We now have a text corpus, on which we can run all the basic preprocessing methods. To list all the files in our corpus:

In [26]:
my_texts.fileids()[:10]

["'Art'.txt",
 "'Tis: A Memoir.txt",
 '003½: The Adventures of James Bond Junior.txt',
 '1 Esdras.txt',
 '1632.txt',
 '1876.txt',
 '1975 in Prophecy!.txt',
 '1982, Janine.txt',
 '2001: A Space Odyssey.txt',
 '2010: Odyssey Two.txt']

In [27]:
my_texts.words('To Kill A Mockingbird.txt')  # uses punkt tokenizer like above

['The', 'book', 'opens', 'with', 'the', 'Finch', ...]

In [28]:
my_texts.sents('To Kill A Mockingbird.txt')

[['The', 'book', 'opens', 'with', 'the', 'Finch', 'family', "'", 's', 'ancestor', ',', 'Simon', 'Finch', ',', 'a', 'Cornish', 'Methodist', 'fleeing', 'religious', 'intolerance', 'in', 'England', ',', 'settling', 'in', 'Alabama', ',', 'becoming', 'wealthy', 'and', ',', 'contrary', 'to', 'his', 'religious', 'beliefs', ',', 'buying', 'several', 'slaves', '.'], ['The', 'main', 'story', 'takes', 'place', 'during', 'three', 'years', 'of', 'the', 'Great', 'Depression', 'in', 'the', 'fictional', '"', 'tired', 'old', 'town', '"', 'of', 'Maycomb', ',', 'Alabama', '.'], ...]

It also add as paragraph method:

In [29]:
my_texts.paras('To Kill A Mockingbird.txt')[0]

[['The',
  'book',
  'opens',
  'with',
  'the',
  'Finch',
  'family',
  "'",
  's',
  'ancestor',
  ',',
  'Simon',
  'Finch',
  ',',
  'a',
  'Cornish',
  'Methodist',
  'fleeing',
  'religious',
  'intolerance',
  'in',
  'England',
  ',',
  'settling',
  'in',
  'Alabama',
  ',',
  'becoming',
  'wealthy',
  'and',
  ',',
  'contrary',
  'to',
  'his',
  'religious',
  'beliefs',
  ',',
  'buying',
  'several',
  'slaves',
  '.'],
 ['The',
  'main',
  'story',
  'takes',
  'place',
  'during',
  'three',
  'years',
  'of',
  'the',
  'Great',
  'Depression',
  'in',
  'the',
  'fictional',
  '"',
  'tired',
  'old',
  'town',
  '"',
  'of',
  'Maycomb',
  ',',
  'Alabama',
  '.'],
 ['It',
  'focuses',
  'on',
  'six',
  '-',
  'year',
  '-',
  'old',
  'Scout',
  'Finch',
  ',',
  'who',
  'lives',
  'with',
  'her',
  'older',
  'brother',
  'Jem',
  'and',
  'their',
  'widowed',
  'father',
  'Atticus',
  ',',
  'a',
  'middle',
  '-',
  'aged',
  'lawyer',
  '.'],
 ['Jem',
  '

Let's save these to a variable to look at the next step on a low level:

In [30]:
m_sents = my_texts.sents('To Kill A Mockingbird.txt')
print (m_sents)

[['The', 'book', 'opens', 'with', 'the', 'Finch', 'family', "'", 's', 'ancestor', ',', 'Simon', 'Finch', ',', 'a', 'Cornish', 'Methodist', 'fleeing', 'religious', 'intolerance', 'in', 'England', ',', 'settling', 'in', 'Alabama', ',', 'becoming', 'wealthy', 'and', ',', 'contrary', 'to', 'his', 'religious', 'beliefs', ',', 'buying', 'several', 'slaves', '.'], ['The', 'main', 'story', 'takes', 'place', 'during', 'three', 'years', 'of', 'the', 'Great', 'Depression', 'in', 'the', 'fictional', '"', 'tired', 'old', 'town', '"', 'of', 'Maycomb', ',', 'Alabama', '.'], ...]

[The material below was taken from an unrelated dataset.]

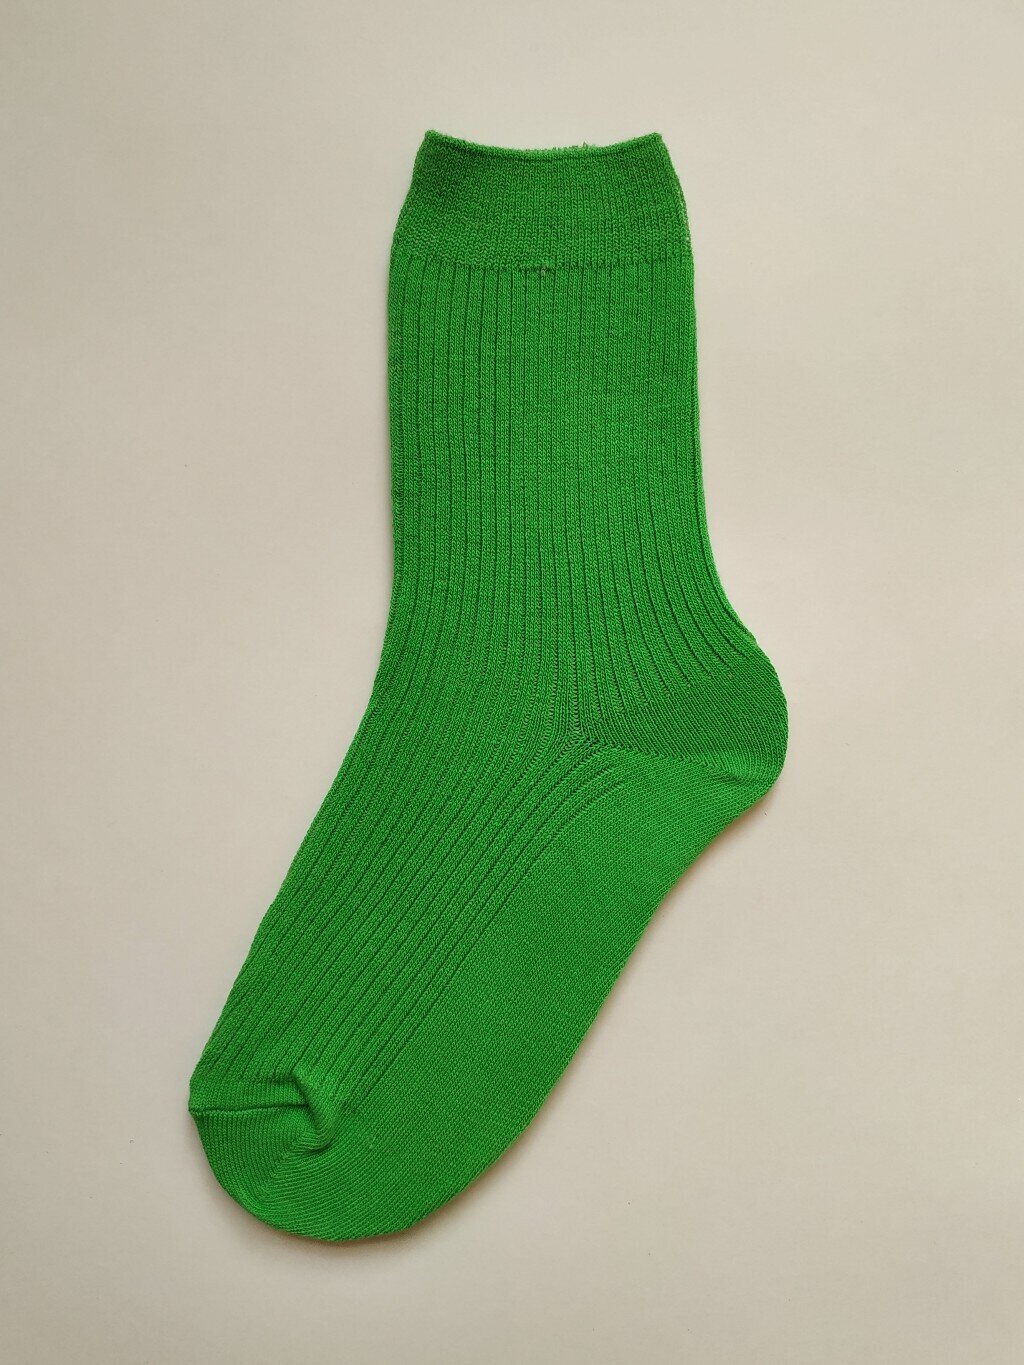 Носки из хлопка ярко-зеленого цвета

We now have a corpus, or text, from which we can get any of the statistics you learned in Day 3 of the Python workshop. We will review some of these functions once we get some more information

# 3) POS-Tagging

There are many situations, in which "tagging" words (or really anything) may be useful in order to determine or calculate trends, or for further text analysis to extract meaning. NLTK contains several methods to achieve this, from simple regex to more advanced machine learning models models.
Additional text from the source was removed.